WORK TO COMPLETE
Please give back the listing below word for word and drop any images.

DATA SEGMENT
↓

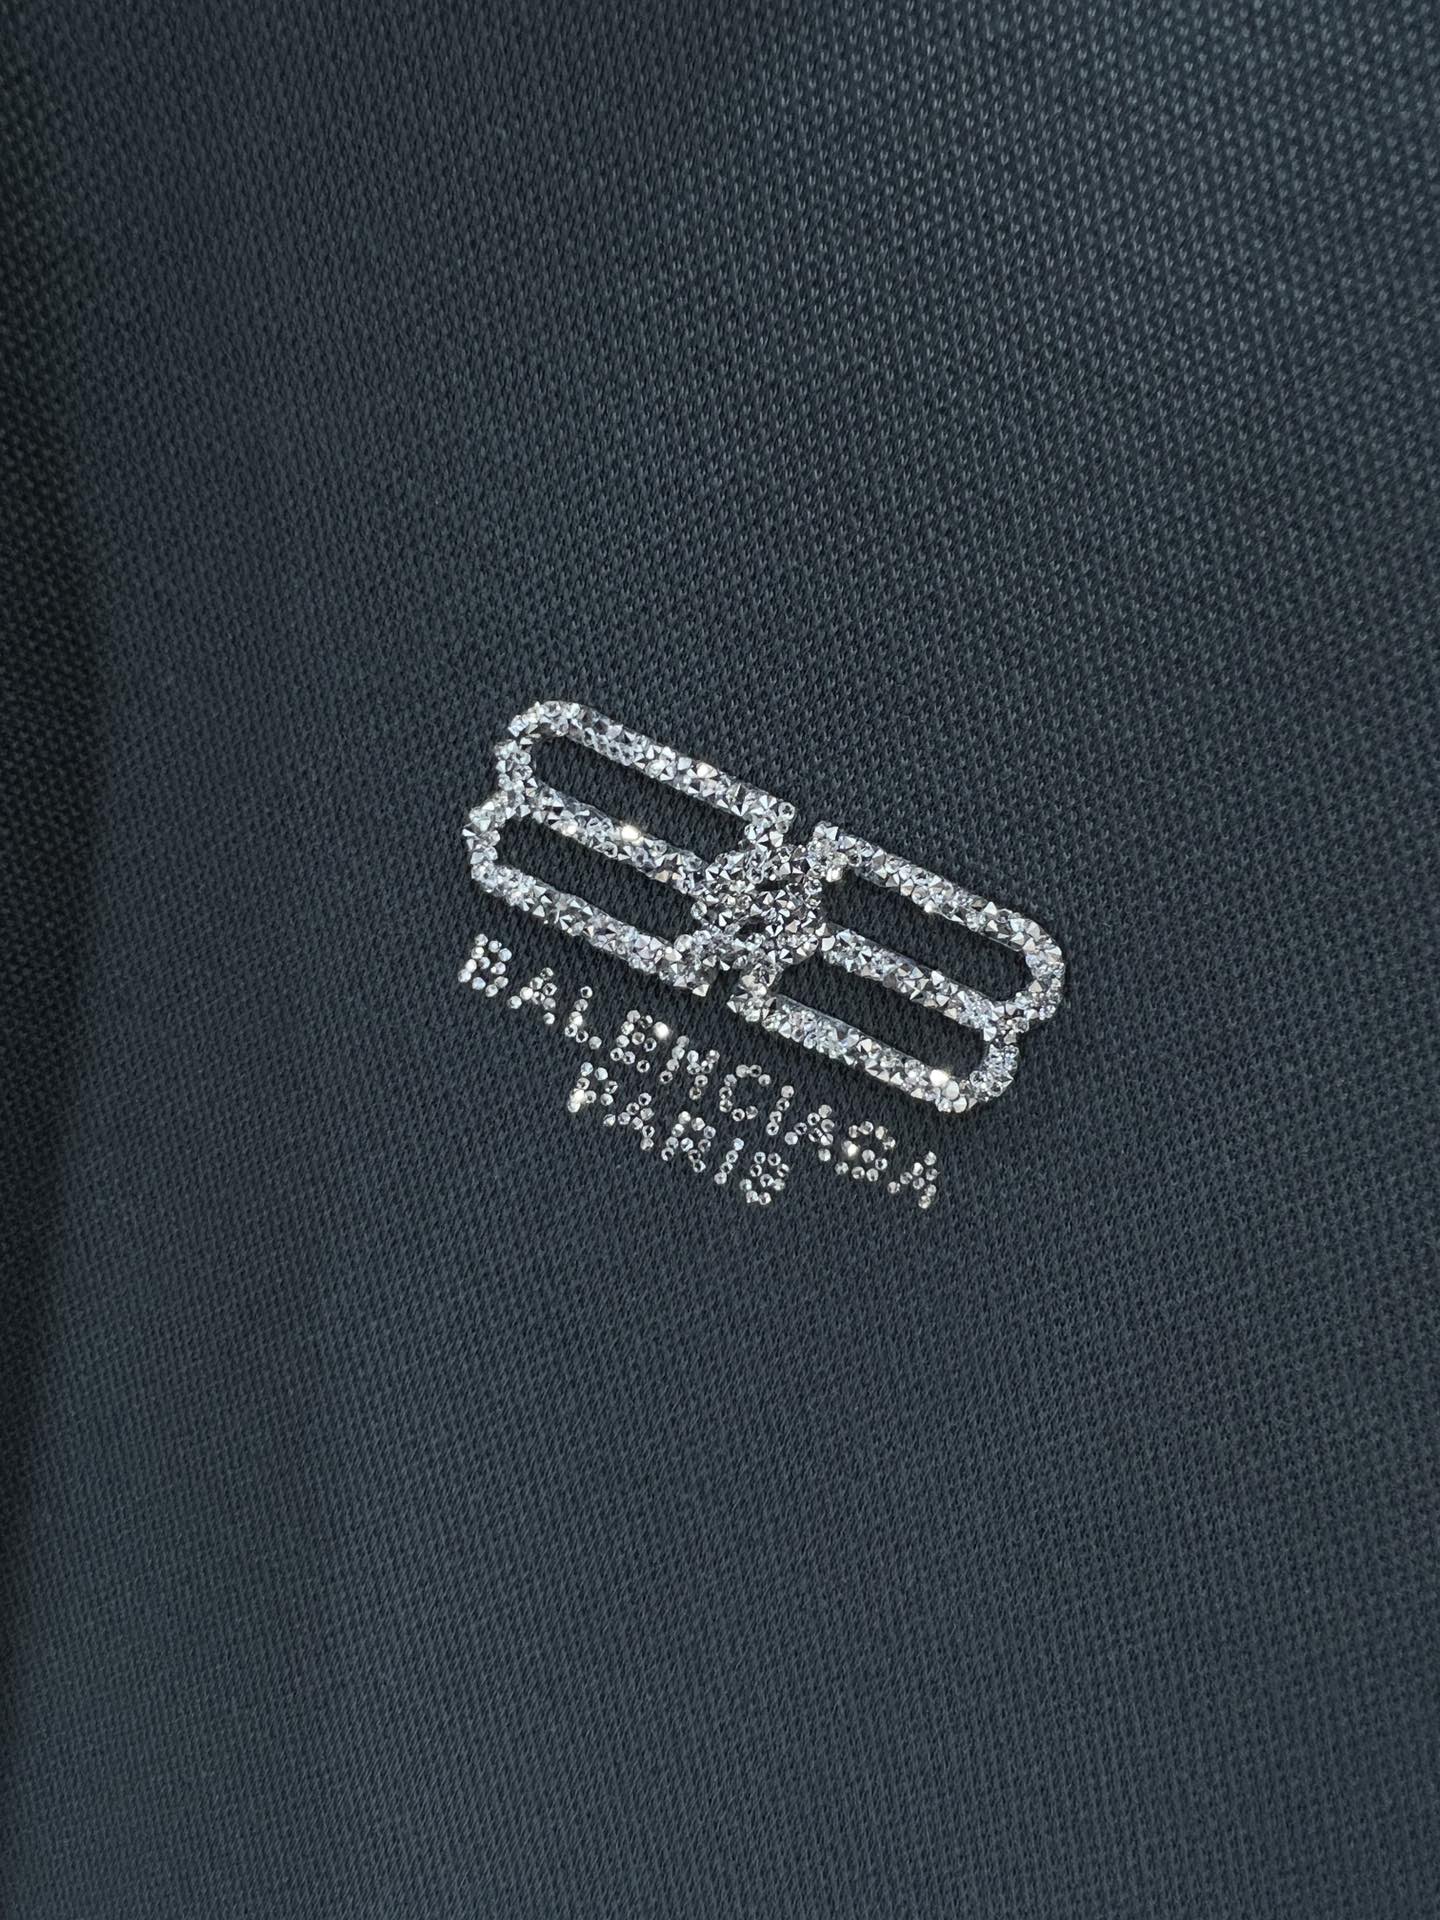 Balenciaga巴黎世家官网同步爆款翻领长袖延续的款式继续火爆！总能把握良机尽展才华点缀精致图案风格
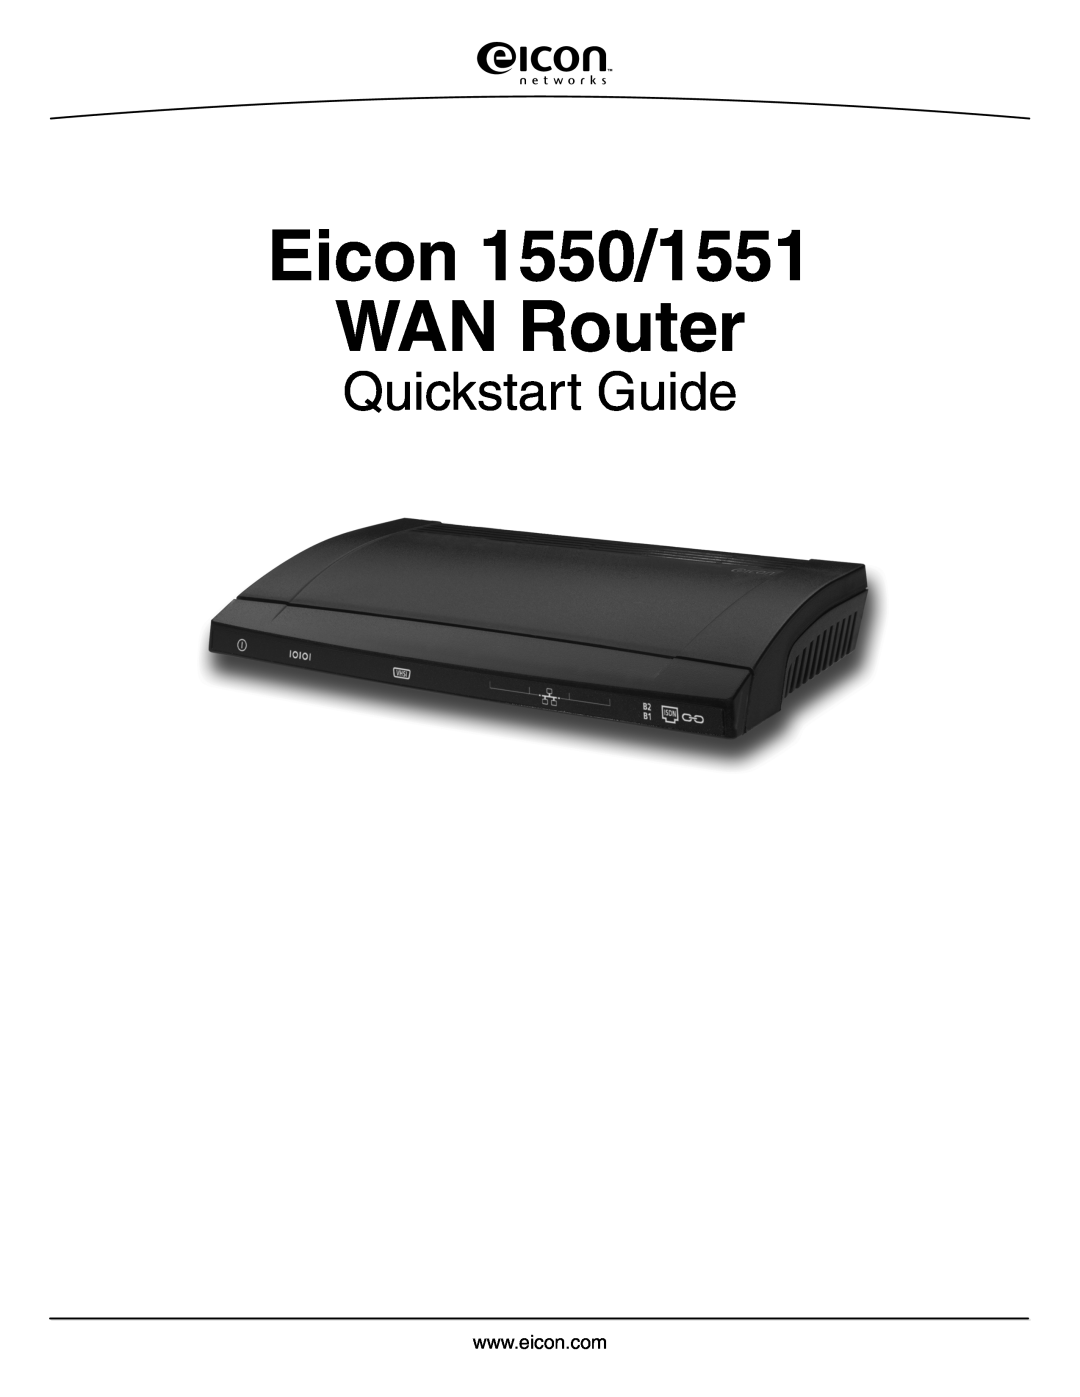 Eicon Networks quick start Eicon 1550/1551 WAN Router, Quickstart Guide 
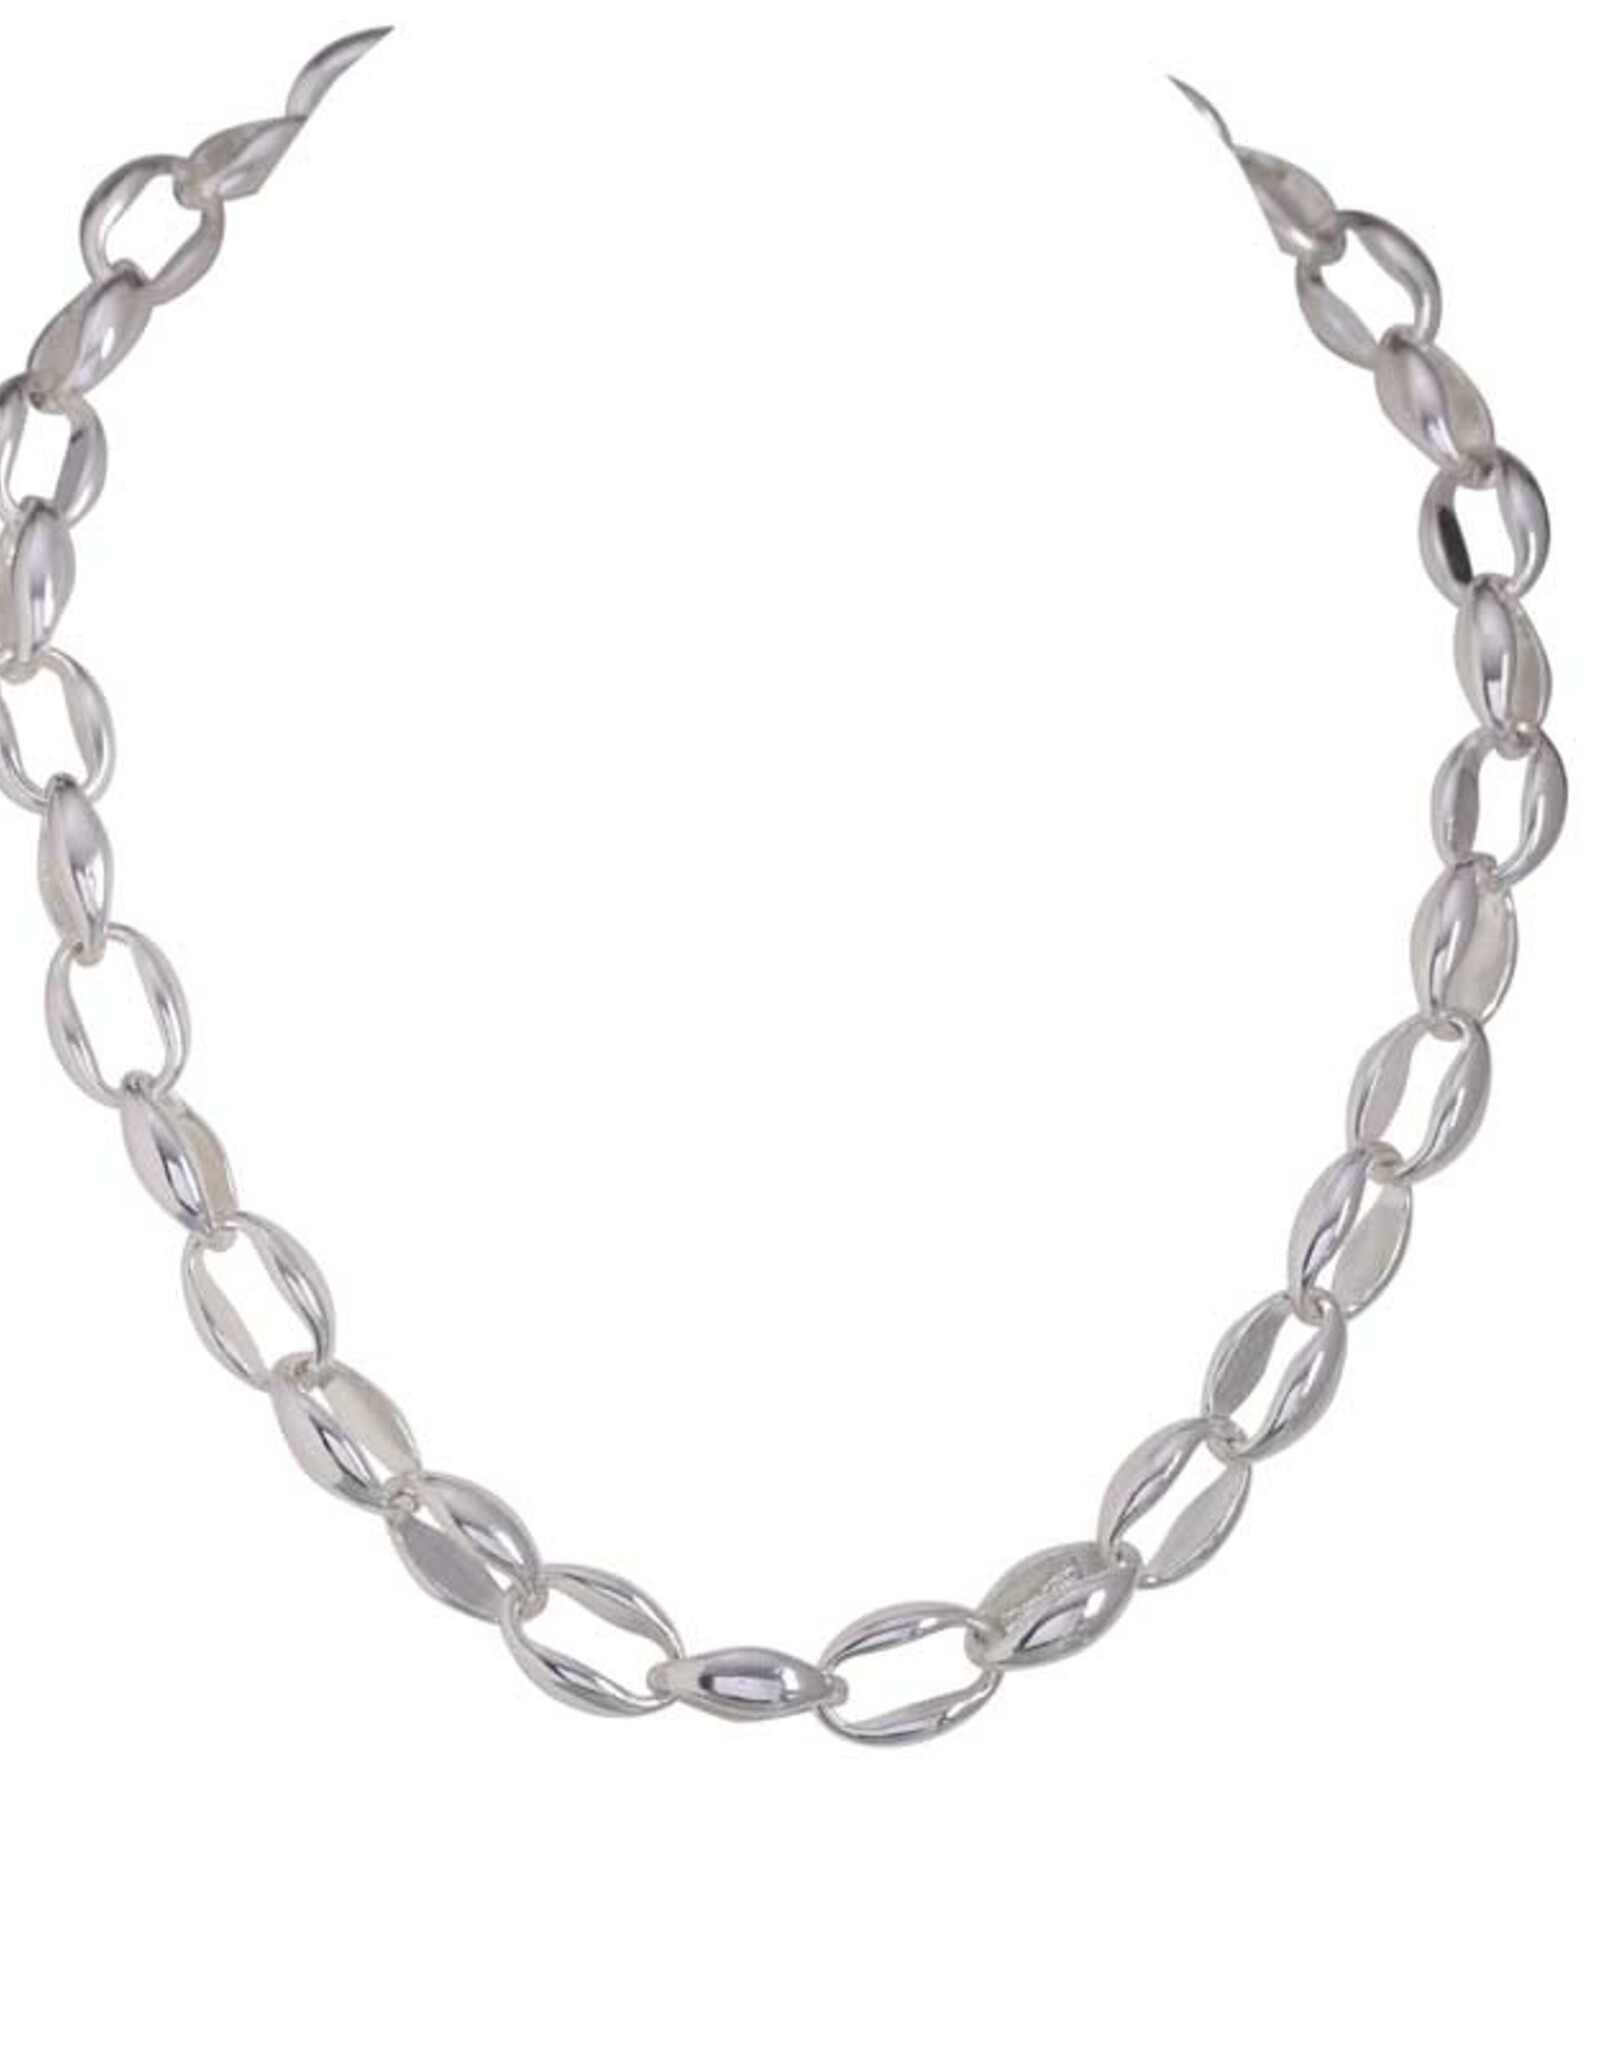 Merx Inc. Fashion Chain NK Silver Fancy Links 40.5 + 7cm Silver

↑

EXERCISE RESPONSE
 Balenciaga巴黎世家官网同步爆款翻领长袖延续的款式继续火爆！总能把握良机尽展才华点缀精致图案风格
 Eicon Networks quick start Eicon 1550/1551 WAN Router, Quickstart Guide 
 Merx Inc. Fashion Chain NK Silver Fancy Links 40.5 + 7cm Silver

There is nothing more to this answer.